Silvan Schüpbach and Peter von Känel, August 19-24,
2023, EX, 7c? (7a mandatory) 1220m / 820 vertical meters
from Stollenloch, 30 pitches.
From August 19 to 23, Peter and Silvan open a new route on the north face of the Eiger. In doing so, they follow their ideal of not using bolts. During five days of climbing on the wall
of walls, the two alpinists remain in uncertainty of whether they will make it to the top at all in the chosen style. A great adventure and a milestone in the climbing history of the Eiger comes to an end on August 24, when the two alpinists stand on the summit of the Eiger.
The first ascentists climbed the bold and elegant rock route free, except for two short passages. They did not use any bolts and left 8 pitons in total. A repetition of the Route is an adventure and a pleasure for all those with a preference for trad climbing on big walls. The predominantly excellent rock is beautifully structured and allows the use of Cams, Nuts or
pegs in many places. A repetition of the route may require 2 – 3 days.
The route overcomes the „Rote Fluh“ on its right edge and leads, after a short ledge passage
(possible bivouac), relatively directly through the compact, partly overhanging wall to the right of
the Tschechenpfeiler. In the uppermost part, the route follows the Ghilini piola for three pitches and
finishes on three independent pitches straight up – leaving the north face to the west ridge at 3480m.
In proximity of the route there are several sheltered bivouacs, but most of them offer only a single
place to sleep. Therefore, for a repeat, it is recommended to take a portaledge.
The lack of pitons gives the route a remarkable originality and seriousness. The route cannot be
simply consumed, it demands commitment. On the other hand, this increases the adventure value
massively, because also repeating the route would feel as a first ascent. In addition to a solid
climbing level, the route requires a practiced eye, both for the climbing line and for placing mobile
Thoughts from Silvan
In recent years, many new climbing routes have been established on the north face of the Eiger. I
climbed many of these routes and I am fascinated by the quality and beauty of these climbs, which
were first climbed with a lot of sweat and skill. These routes all have in common that they were
made possible with the help of electric drills and bolts; that the rocks of the Eiger are climbed, but
the protection is „guaranteed“ with modern machines. I do not find this reprehensible, but a logical
development of the climbing sport.
I have been wondering for a few years whether today’s climbing skills can be applied to the Eiger,
but with traditional protection (without a drill)? This seemed to me a fascinating challenge.

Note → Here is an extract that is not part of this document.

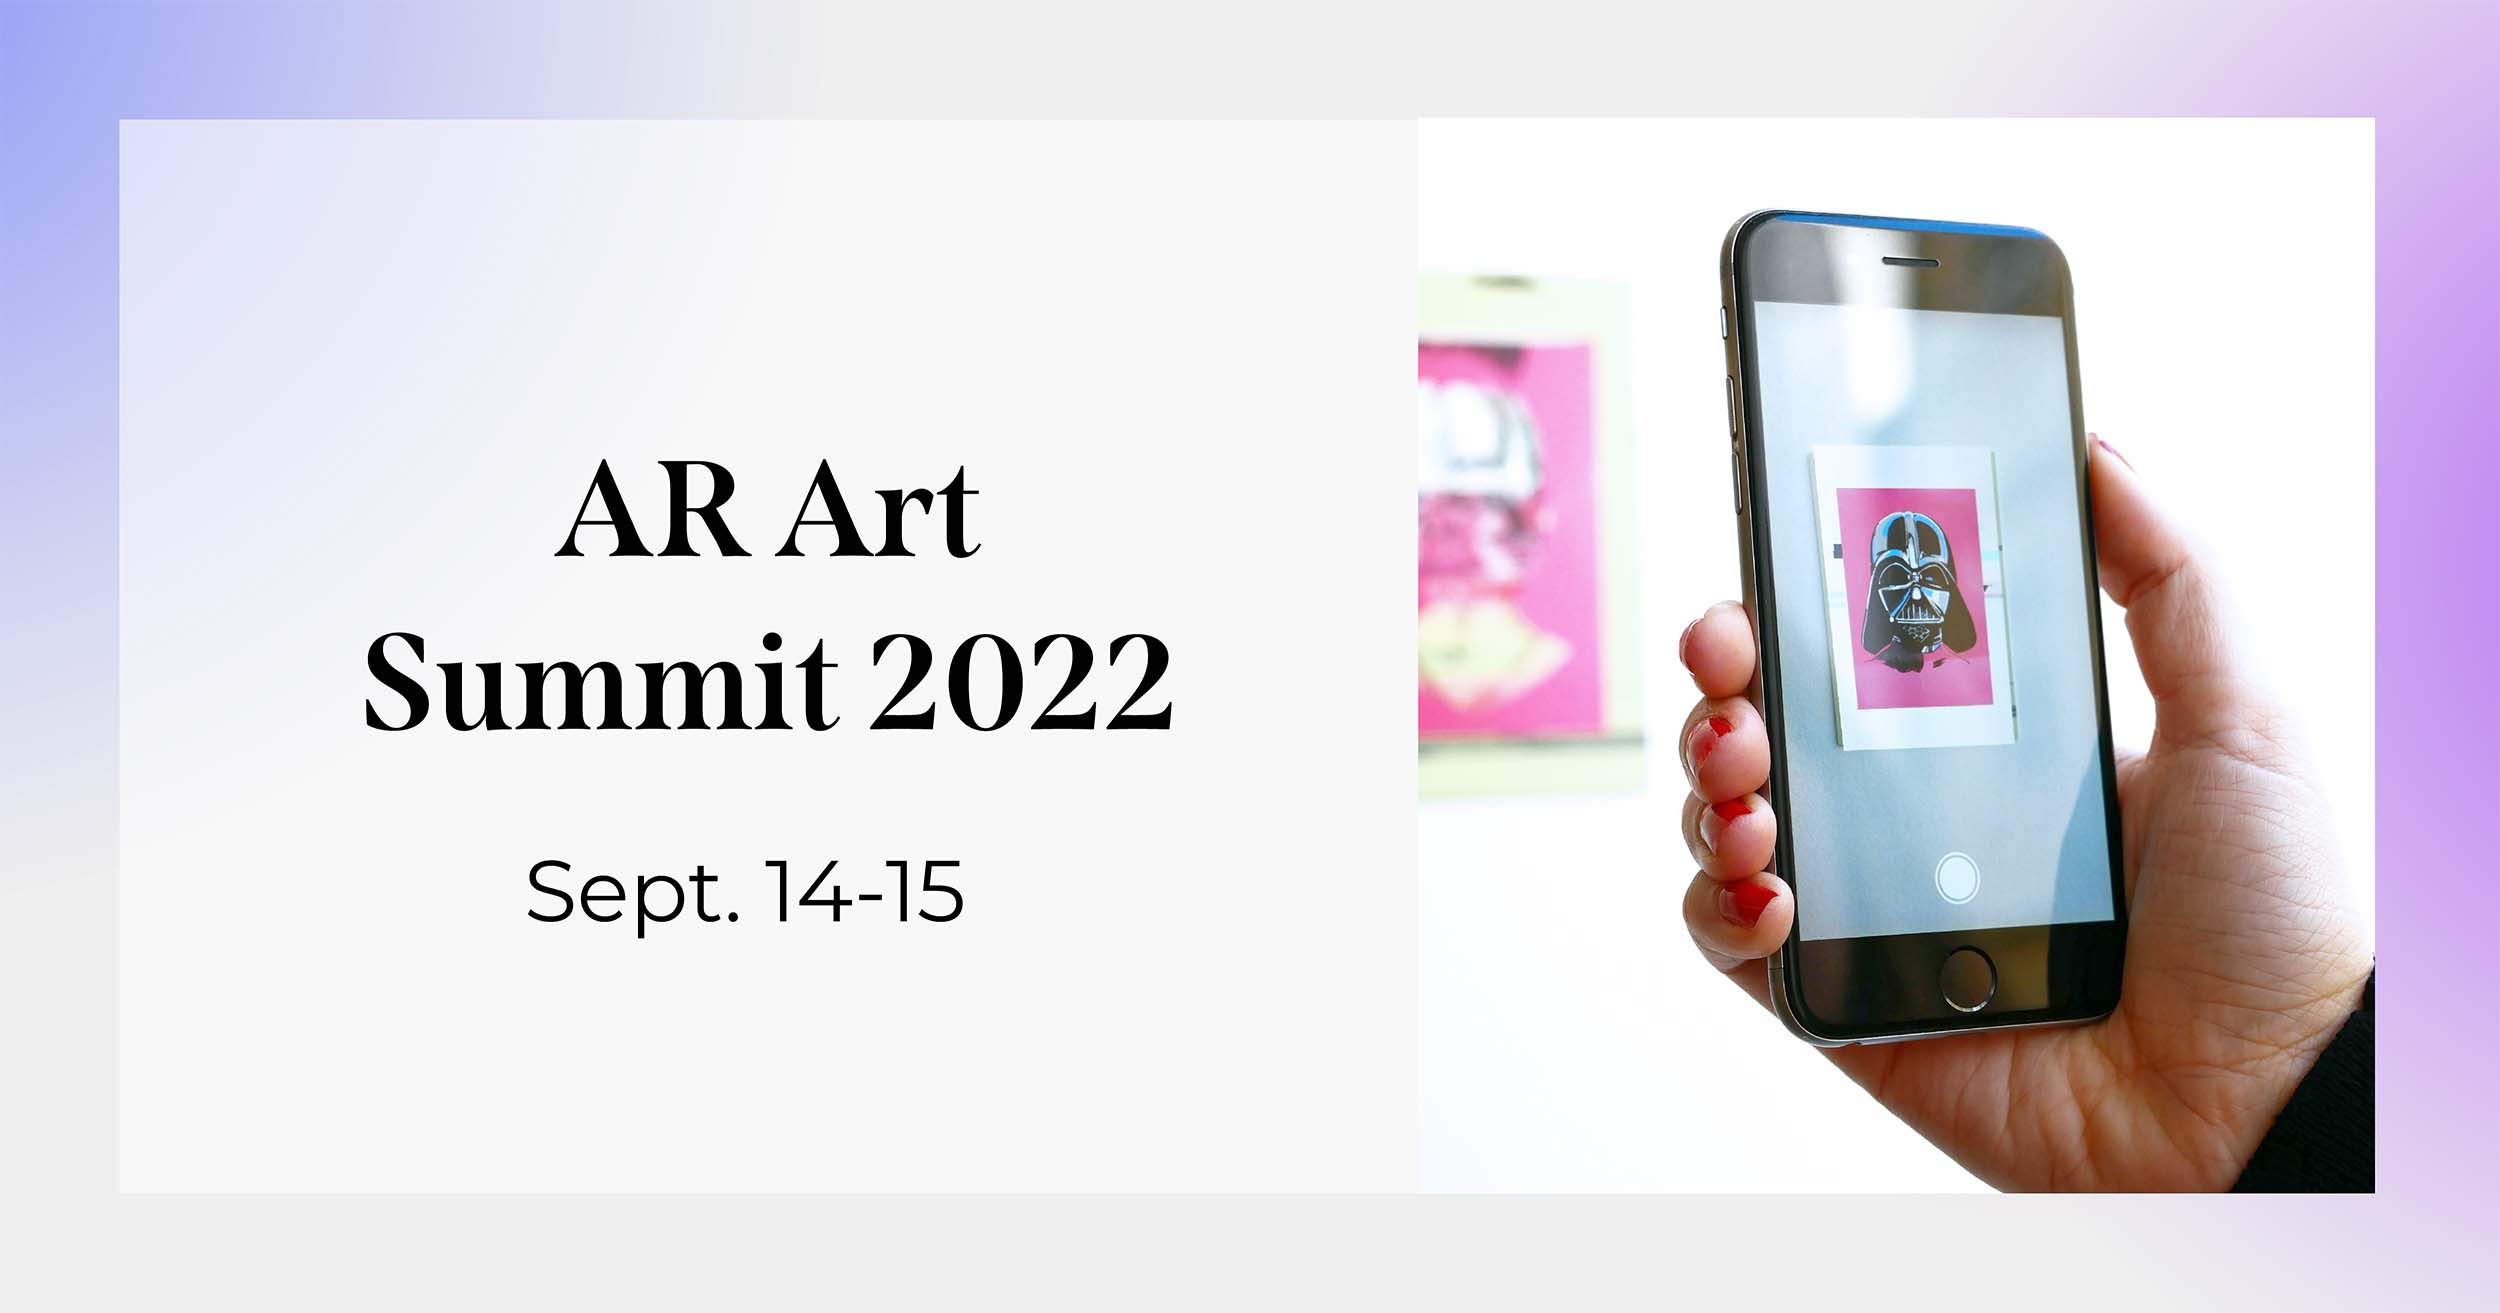 AR Art Summit

Chance, luck and skill combined for us from August 19-23: One of the last untouched parts of the
Eiger wall allowed us climbing in our style – on the occasion of a weather window of several days
with high temperatures and no precipitation.
We would be pleased if in the future more young mountaineers and climbers would again rely on
traditional climbing – and herald a renaissance in trad climbing on big (and small) walls.
Thoughts from Peter
Silvan originally discovered this terrific line and worked it out with great effort. As a team, Silvan
and I harmonize very well and we complement each other excellently. We also have a similar,
slightly offbeat sense of humour and share various culinary preferences such as plenty of
mayonnaise and butter.
My climbing level is solid, but not outstanding. On the other hand, I am able to access my climbing
skills even in mentally demanding situations, e.g. high above a sketchy placement. Particularly for
trad climbing, this is quite useful.
Silvan and I have been working intensively on bolt-free climbing in limestone for several years.
Looking back, I perceive our joint first ascents on the Stockhorn and on the Dündenhorn as
intermediate stations that finally made the „renaissance“ possible for us.
Before Silvan initially hooked me on climbing without pitons, I used pitons for my first ascents of
alpine multi-pitch tours. Thanks to self-imposed rules, e.g. setting up from below, no piton ladders,
no cliff holes, etc., this type of first ascent gave me many great adventures, but my appetite for
piton-free climbing grew with increasing experience with mobile belays. I have more or less
reached my maximum possible climbing level, so I see trad climbing as the next stage in my
personal development as a climber. It is obvious that the climbing level is important in trad
climbing, too, but it’s not the deciding factor. Rather, it requires a balanced mix of different skills.
Looking back, I feel that the first ascent of the „Renaissance“ is my apex in this process so far. The
combination of climbing, reading the rock, setting mobile protections and continuously balancing
the risk allowed me to move efficiently and with a good sense of control. This was despite the fact
that the climb pushed me to my limits several times. The thought of climbing into a virgin wall with
mobile protections on the harness makes me nervous every time. However, when the time comes
and I start climbing, the nervousness gives way to an almost hypnotic focus and clarity. These
moments are intense and are among the unforgettable highlights of my life.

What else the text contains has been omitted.